- Your assignment
Your answer must be the full listing, word for word, with no images in it.
━━━ Given information ━━━
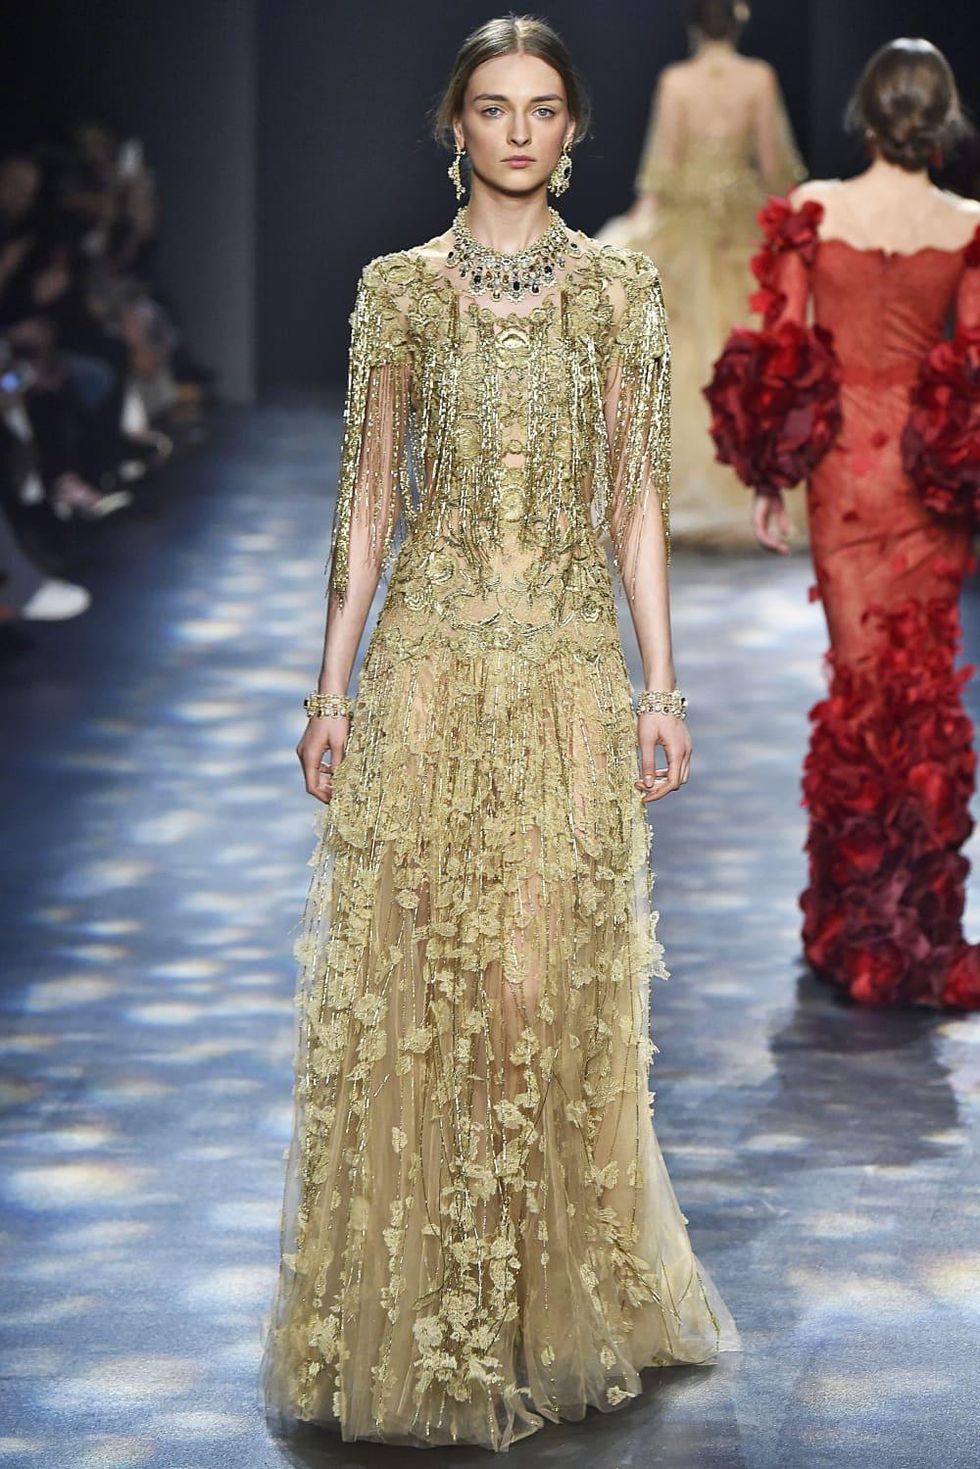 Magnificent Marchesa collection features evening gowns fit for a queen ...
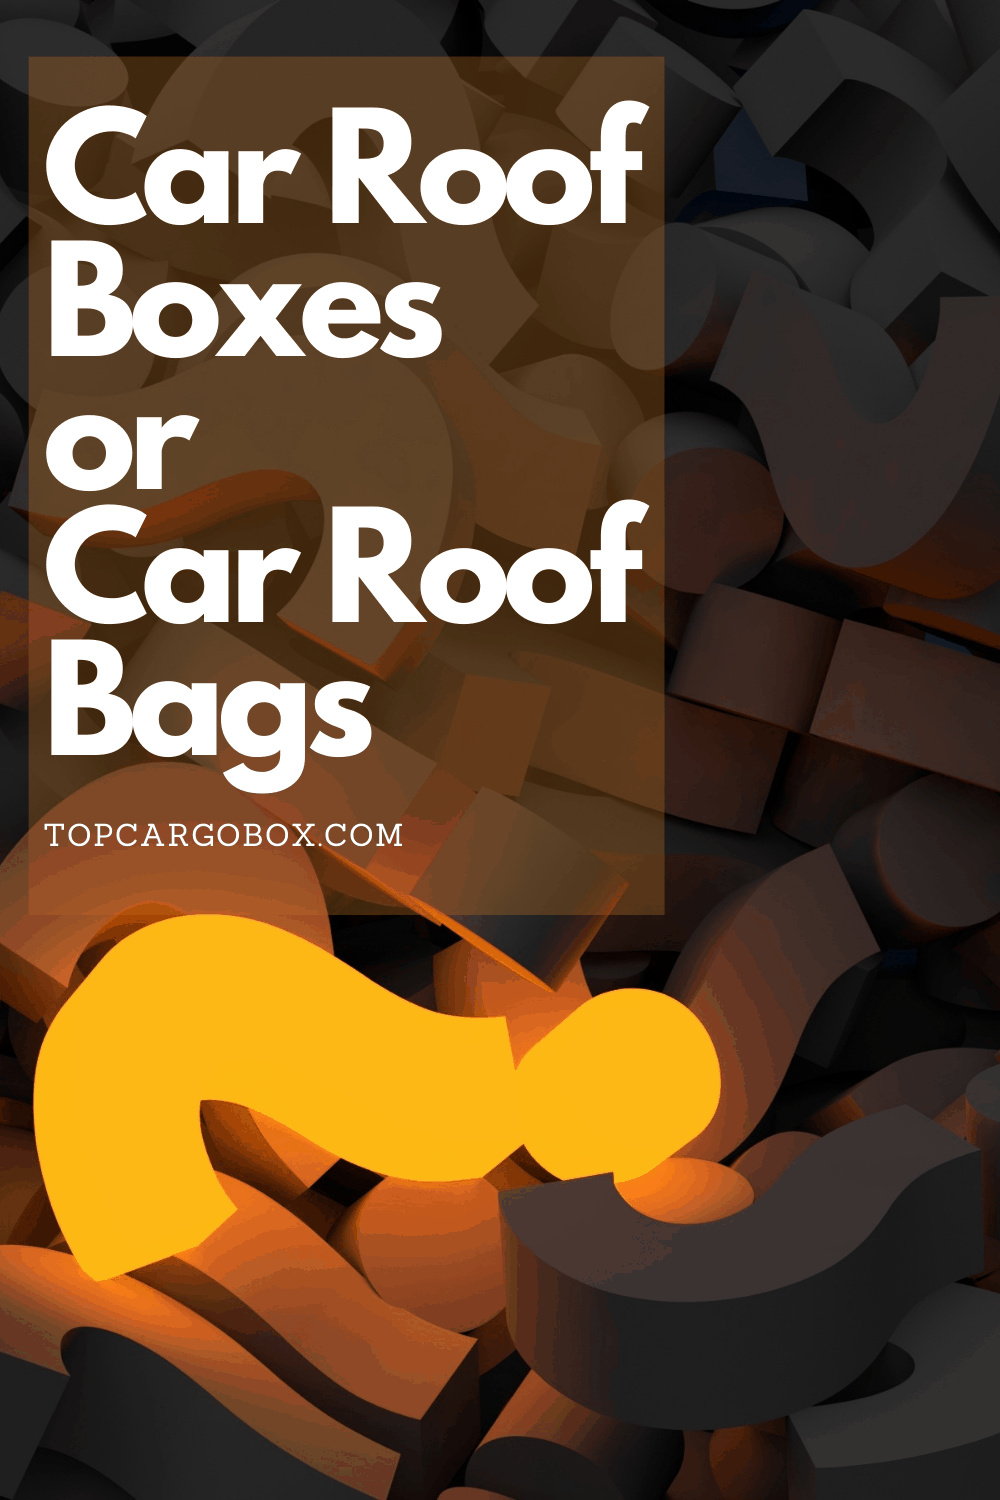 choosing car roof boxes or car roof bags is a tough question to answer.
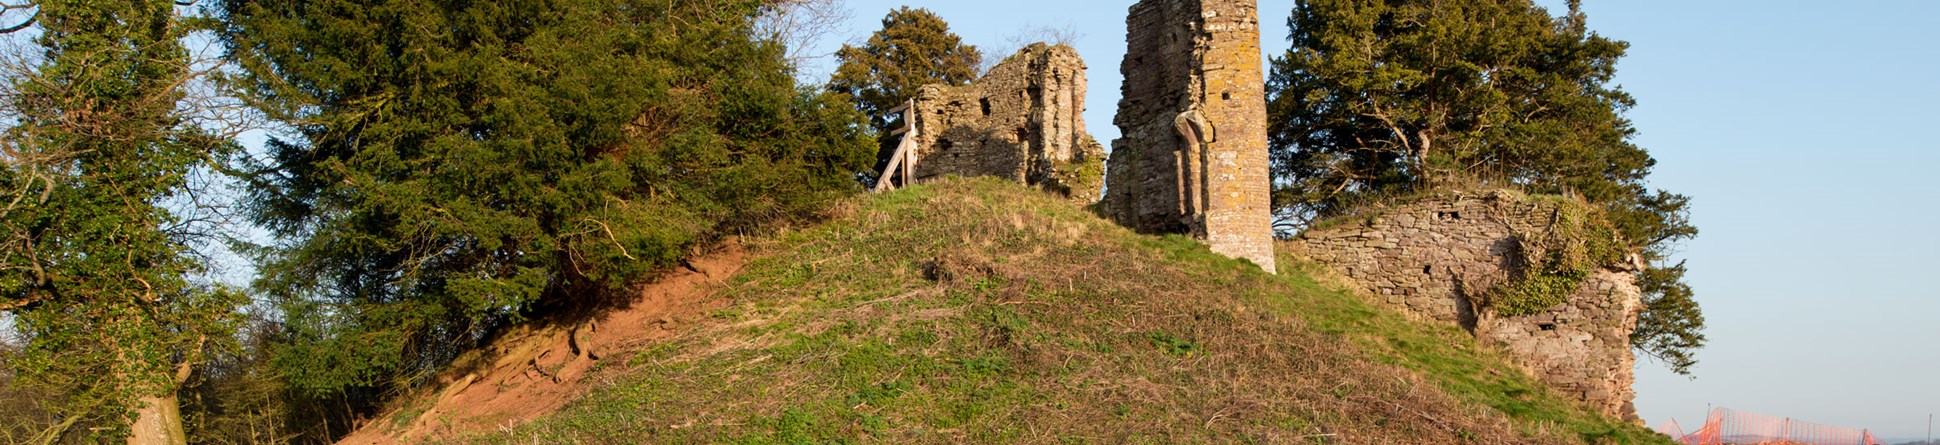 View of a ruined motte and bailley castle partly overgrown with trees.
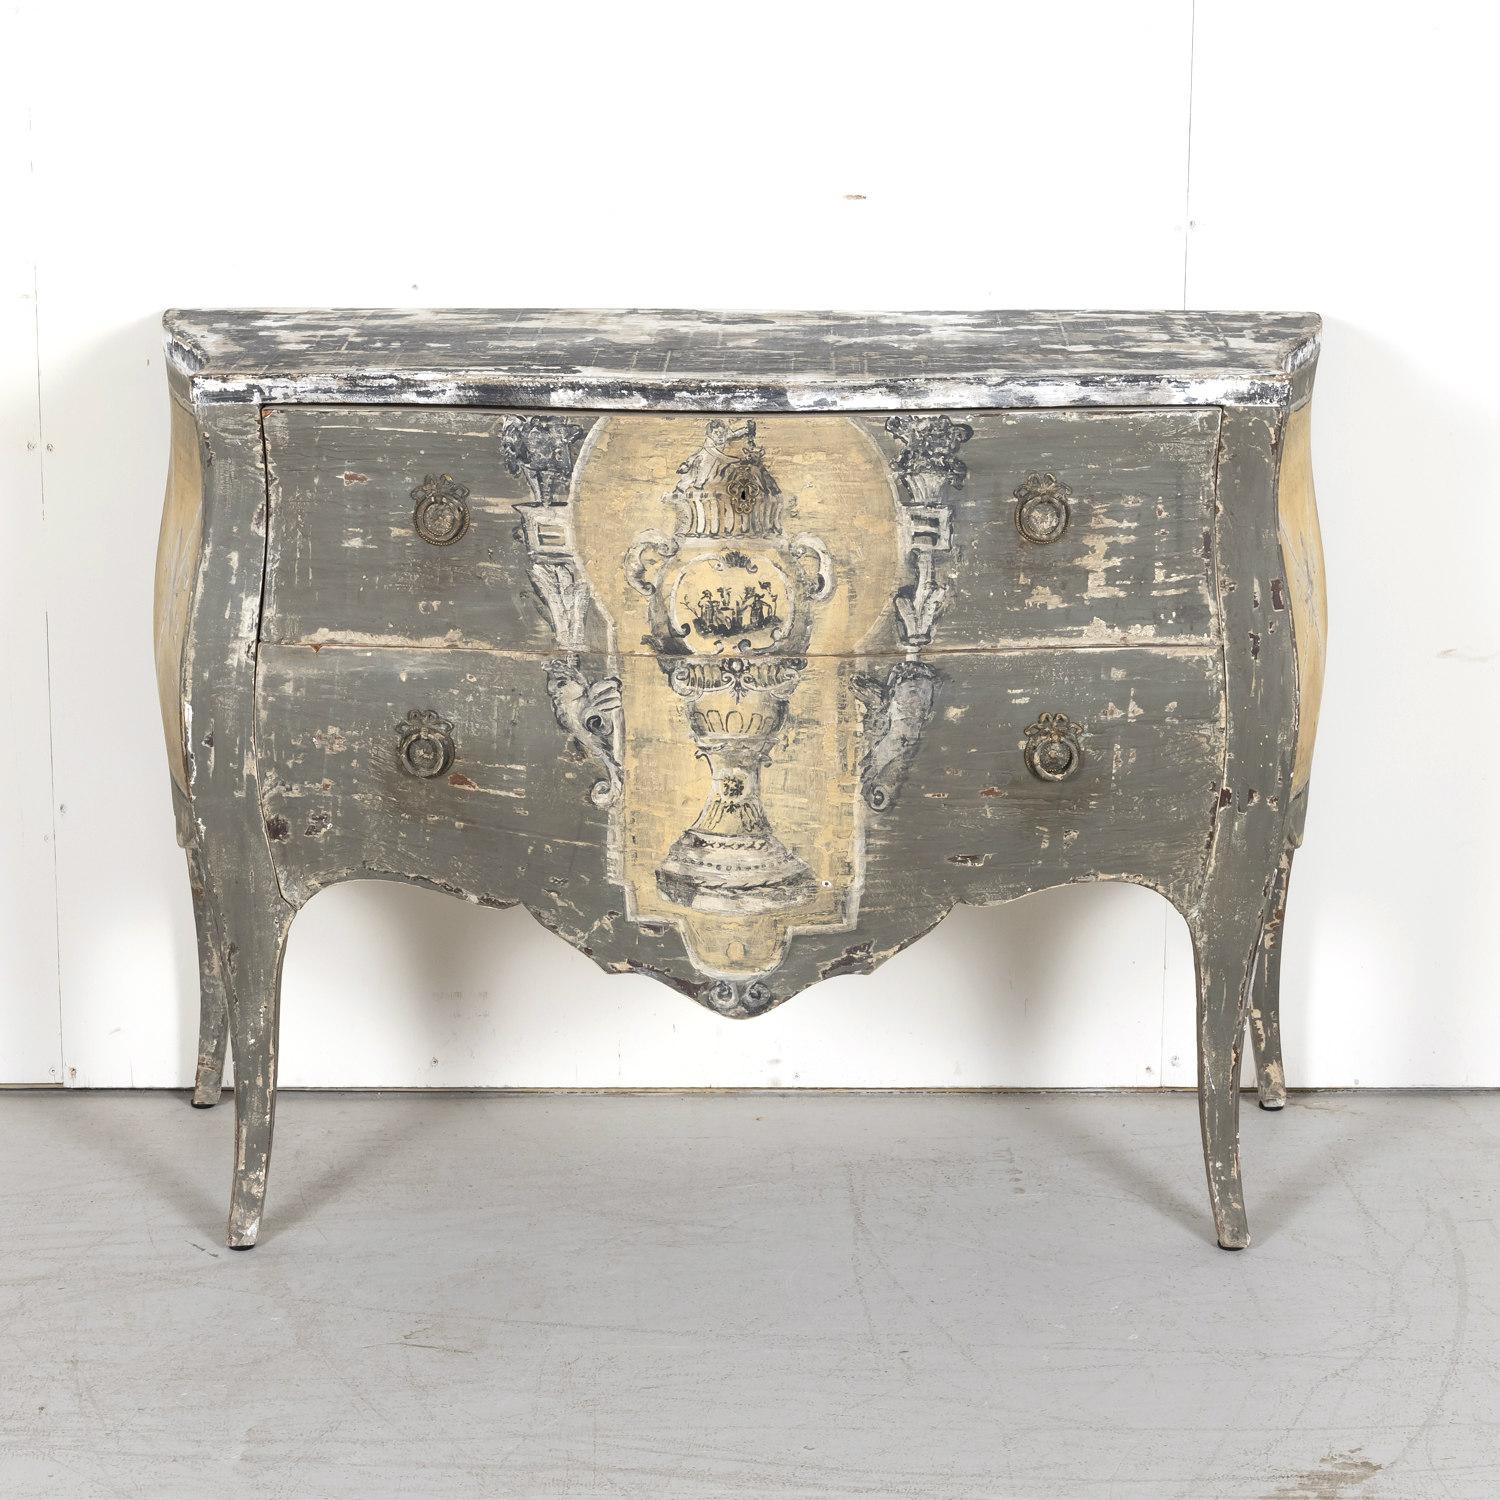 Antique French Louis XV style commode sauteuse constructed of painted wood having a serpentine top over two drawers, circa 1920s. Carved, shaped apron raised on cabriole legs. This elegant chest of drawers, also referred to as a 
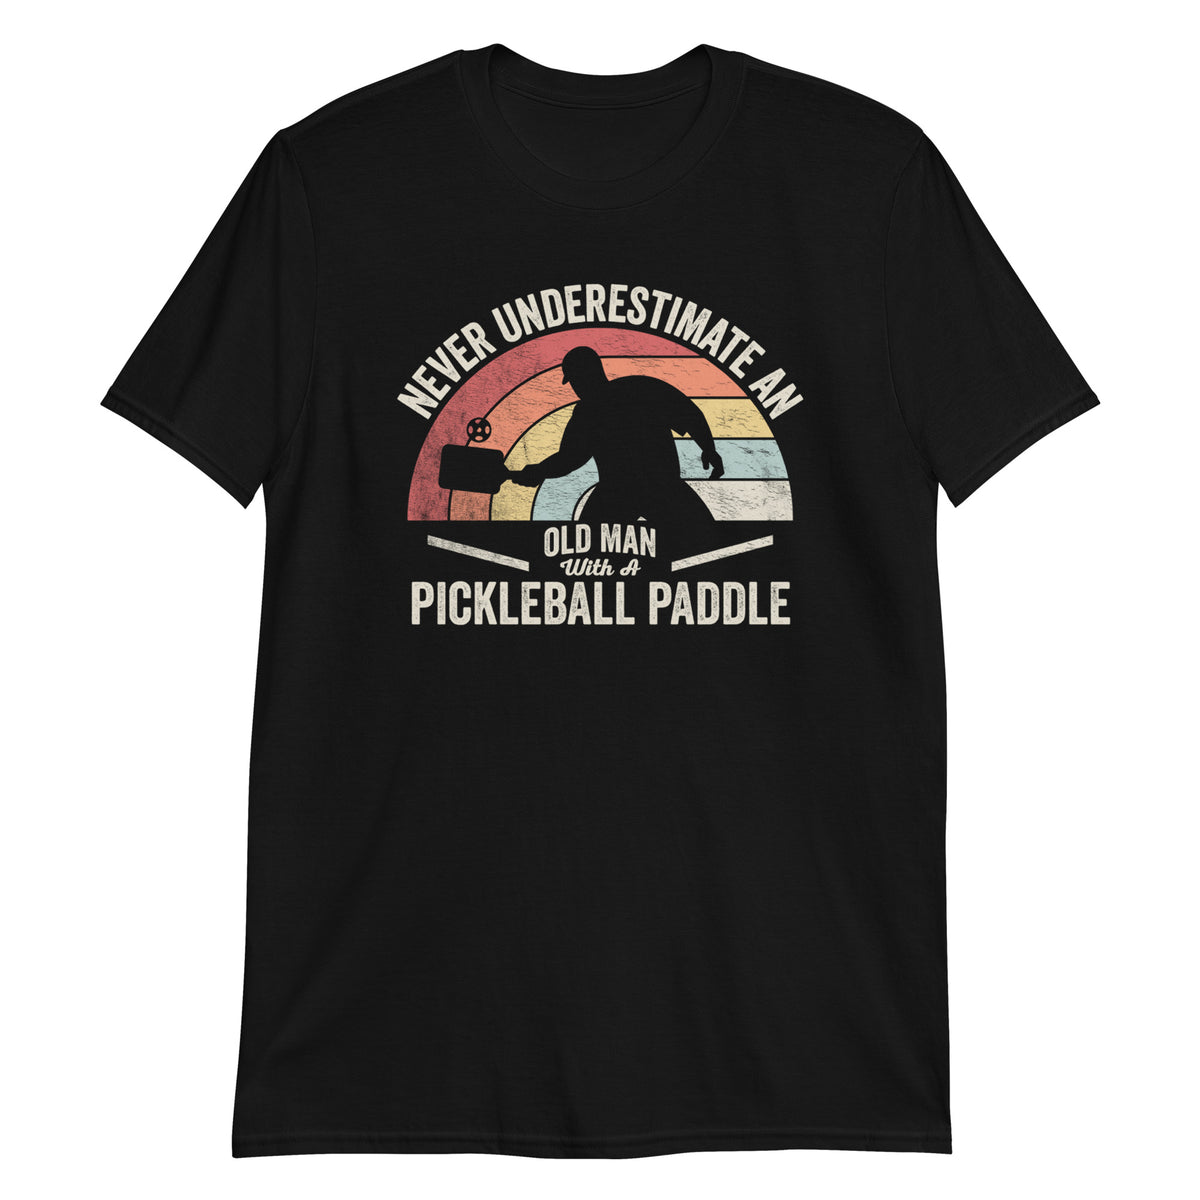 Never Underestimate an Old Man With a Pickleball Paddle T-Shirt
━━━
- Completed exercise
 Magnificent Marchesa collection features evening gowns fit for a queen ...
 choosing car roof boxes or car roof bags is a tough question to answer.
 View of a ruined motte and bailley castle partly overgrown with trees.
 Antique French Louis XV style commode sauteuse constructed of painted wood having a serpentine top over two drawers, circa 1920s. Carved, shaped apron raised on cabriole legs. This elegant chest of drawers, also referred to as a 
 Never Underestimate an Old Man With a Pickleball Paddle T-Shirt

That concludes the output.